TSQL:外部连接表的计数产生不正确的结果
Posted
技术标签:
【中文标题】TSQL:外部连接表的计数产生不正确的结果【英文标题】:TSQL: Count on outer joined tables is producing incorrect results 【发布时间】:2015-04-02 03:32:30 【问题描述】:生成关于 SQL Server 2008 的报告。我已使用 LEFT OUTER JOIN
将一个表与其他五个表连接起来。当我对那些其他表进行计数时,我得到了不正确的数据。我知道为什么,但我不确定如何解决它。

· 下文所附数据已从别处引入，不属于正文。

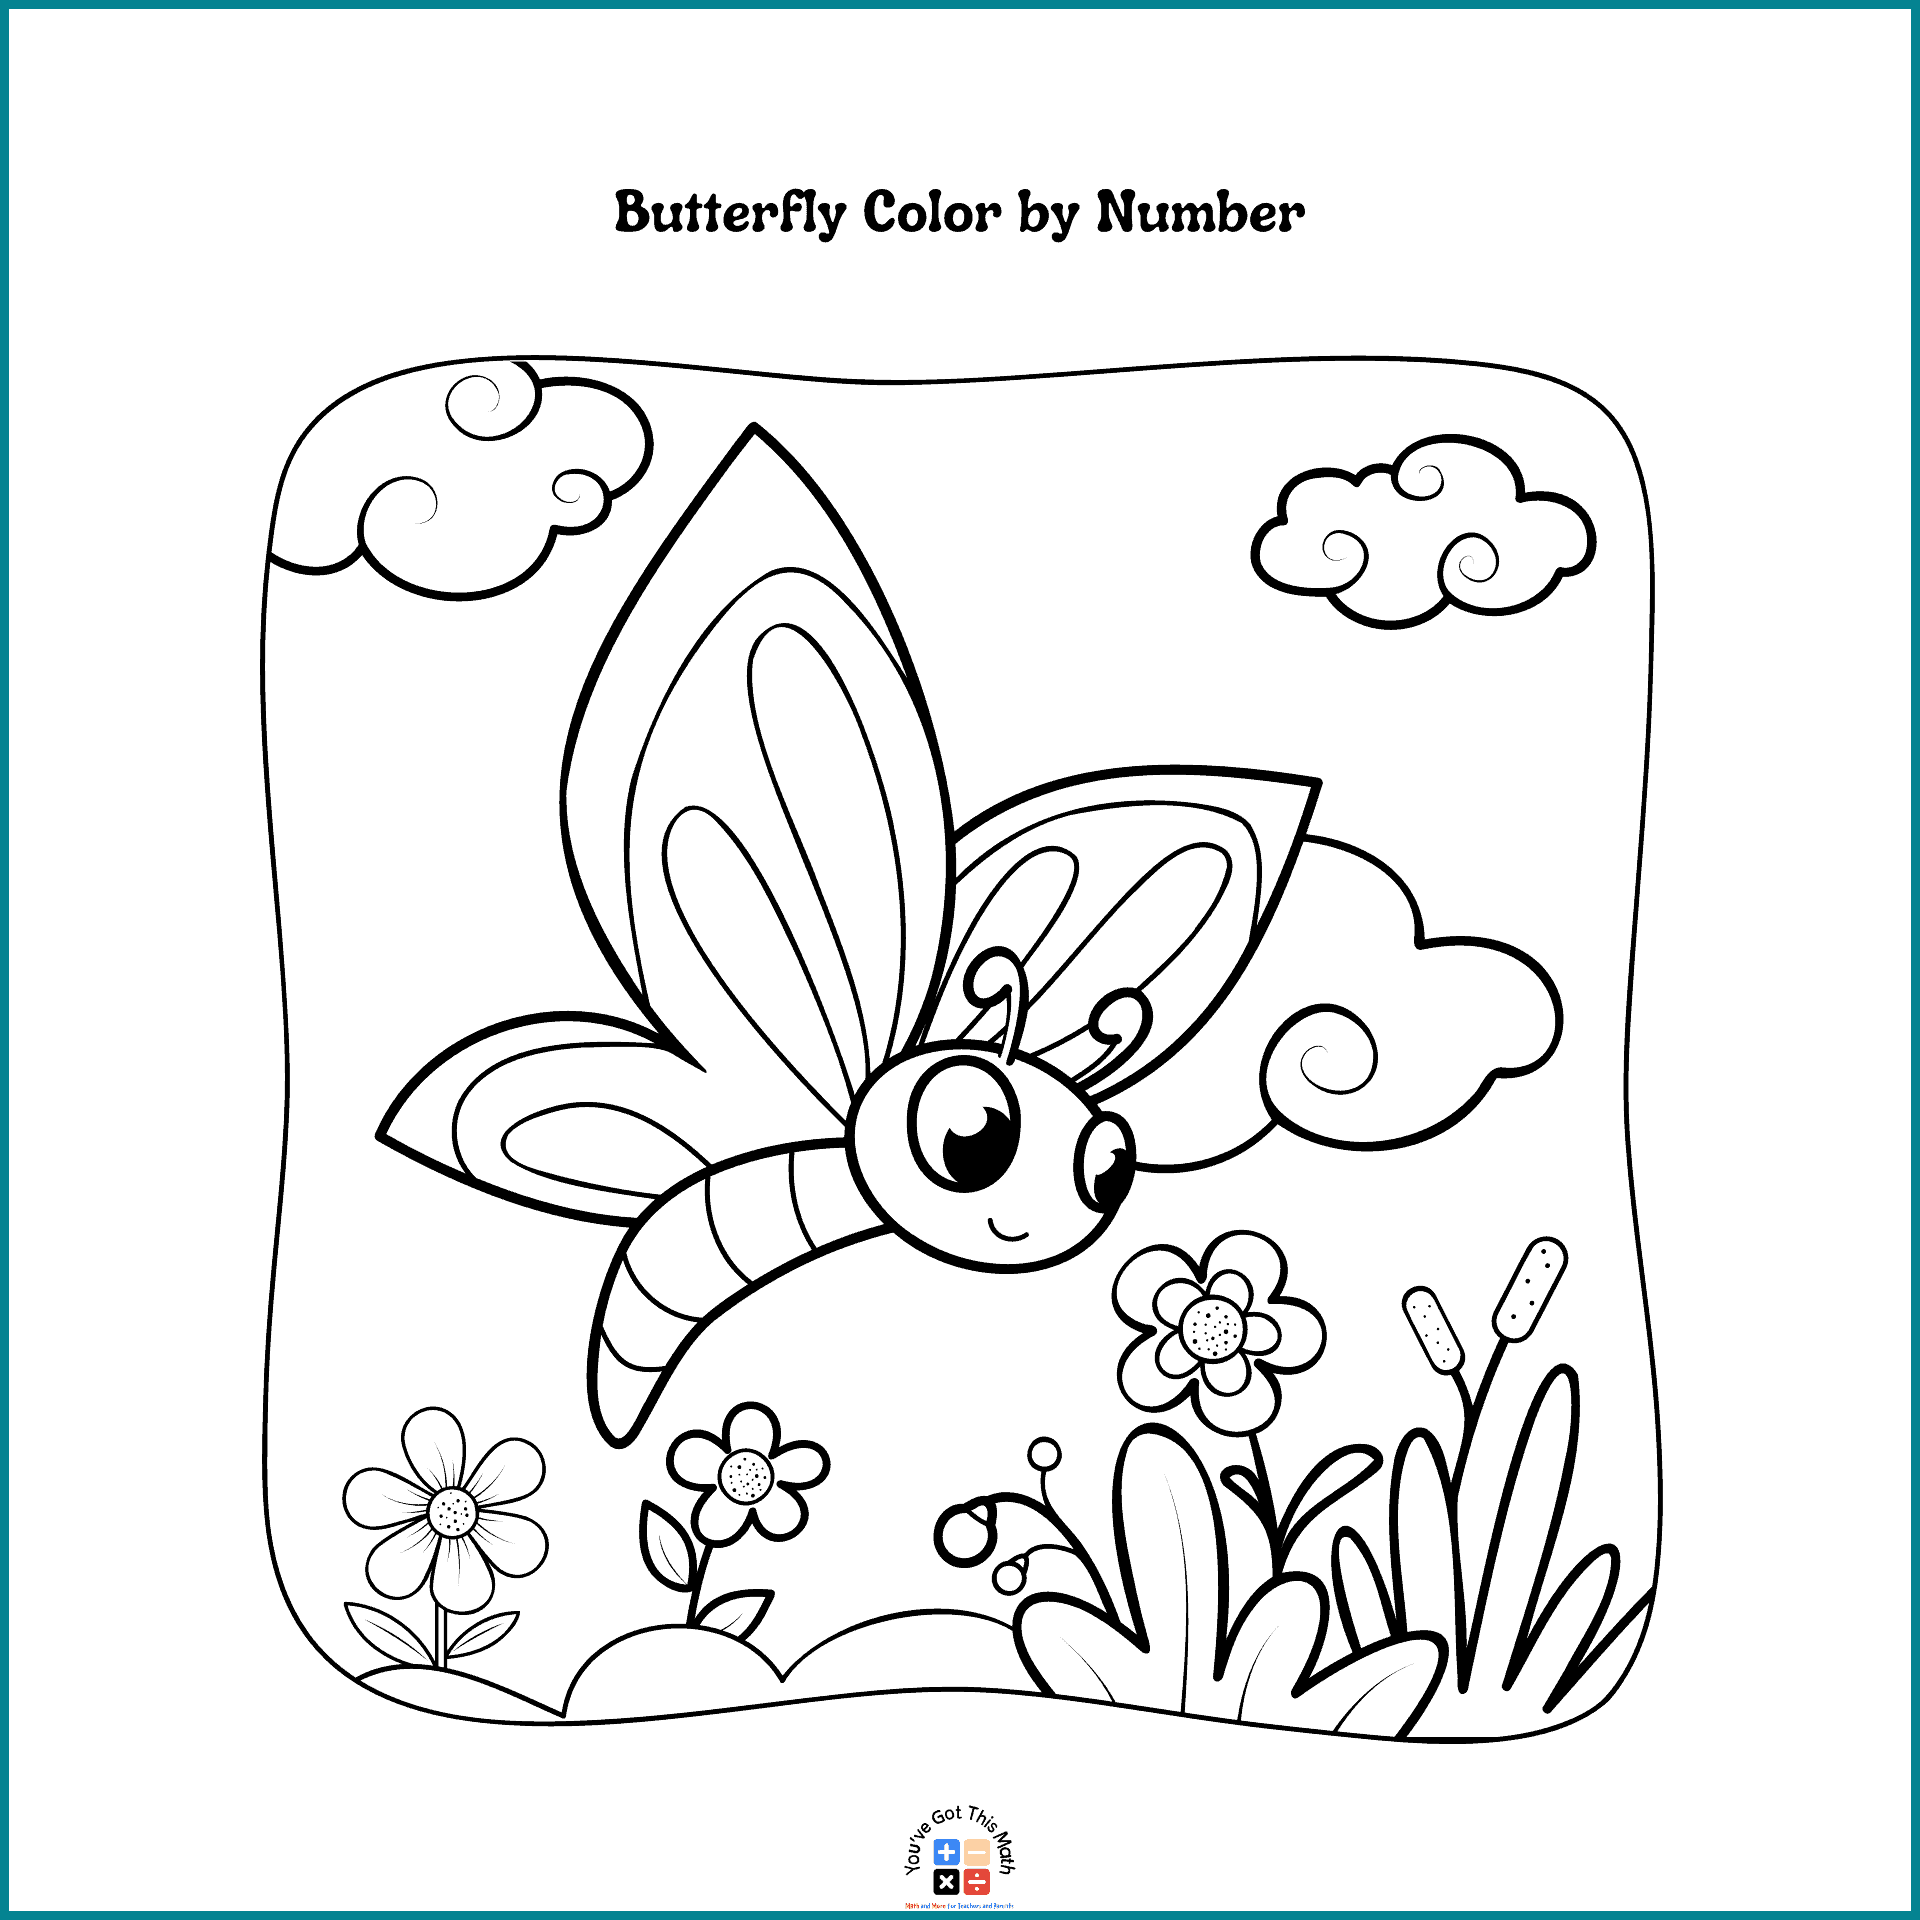 Fun butterfly color by number coloring pages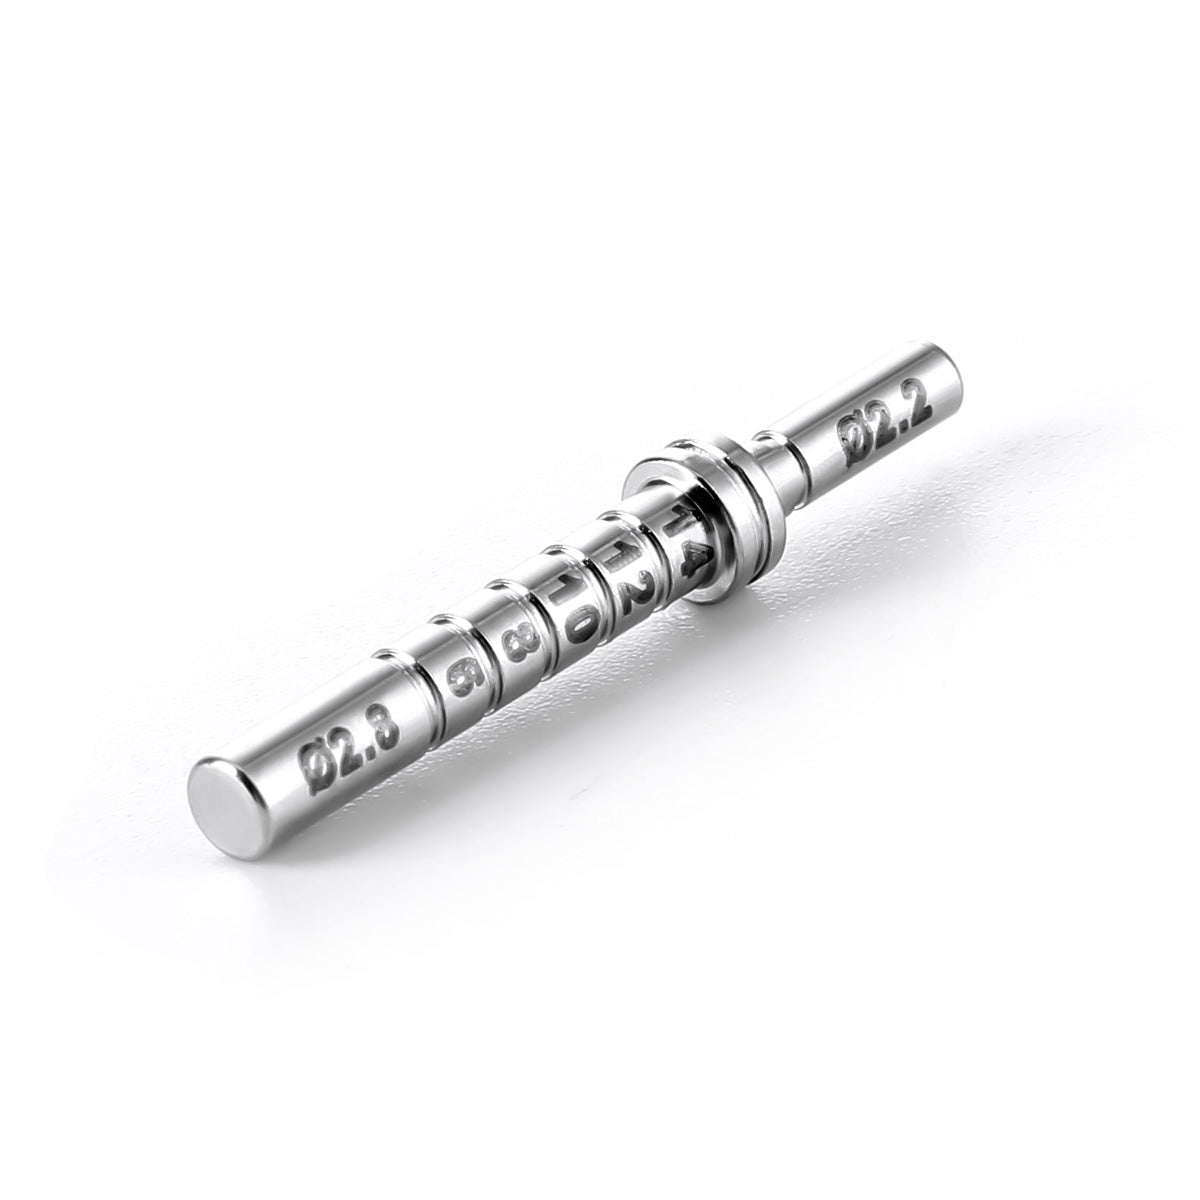 Dental Implant Depth Gauge Pin Stainless Steel Double Head 2.2/2.8mm 1pc/Pack - azdentall.com

查询正在跟踪一所学校的招生候选人。当他们完成整个流程时,他们会在流程的每个主要阶段被标记。我需要的是计算在特定时期(年和月)中有多少人通过了特定阶段。大多数情况下它都有效。但是,如果候选人通过了该期间的任何阶段,则该候选人也会在之前的阶段中被“计数”,即使它们发生在查询期间之前。一个很好的例子是 AD_35,一个特定的学术项目应该有一个人,但输出显示为 2。当我只查询 AD_35 表时,我得到了正确的信息。所以我知道问题出在外连接上,但我不确定如何解决这个问题(在生成我的命名输出的子查询中尝试了各种标准)。对某人来说应该很容易......在此先感谢,代码如下。 :Year 和 :Month 用于用户输入,将填充数值(例如 2015 1)
连续波
SELECT DISTINCT
ad_candidacy.prog_cde,
ad_candidacy.stageyr,
ad_candidacy.stagemo,
Count (case when (ad_02.stageyr in (:Year, :Year -1, :Year-2) and ad_02.stagemo <= :month) then 1 else null end) as Inquiry,
Count (case when (ad_05.stageyr in (:Year, :Year -1, :Year-2) and ad_05.stagemo <= :month) then 1 else null end) as Applied,
Count (case when (ad_35.stageyr in (:Year, :Year -1, :Year-2) and ad_35.stagemo <= :month and ad_35.id_num = ad_candidacy.id_num and ad_35.stageyr = ad_candidacy.stageyr and ad_35.stagemo=ad_candidacy.stagemo) then 1 else null end) as Accepted,
Count (case when (ad_50.stageyr in (:Year, :Year -1, :Year-2) and ad_50.stagemo <= :month) then 1 else null end) as Matriculated,
Count (case when (ad_enroll.stageyr in (:Year, :Year -1, :Year-2) and ad_enroll.stagemo <= :month) then 1 else null end) as Enrolled,
ad_candidacy.stagemo_long
FROM
ad_candidacy
LEFT OUTER JOIN
ad_02 ON ad_candidacy.id_num = ad_02.id_num
LEFT OUTER JOIN
ad_05 ON ad_candidacy.id_num = ad_05.id_num
LEFT OUTER JOIN
ad_35 ON ad_candidacy.id_num = ad_35.id_num
LEFT OUTER JOIN
ad_enroll ON ad_candidacy.id_num = ad_enroll.id_num
LEFT OUTER JOIN
ad_50 ON ad_candidacy.id_num = ad_50.id_num
WHERE
(ad_candidacy.stageyr in (:Year, :Year -1, :Year-2) )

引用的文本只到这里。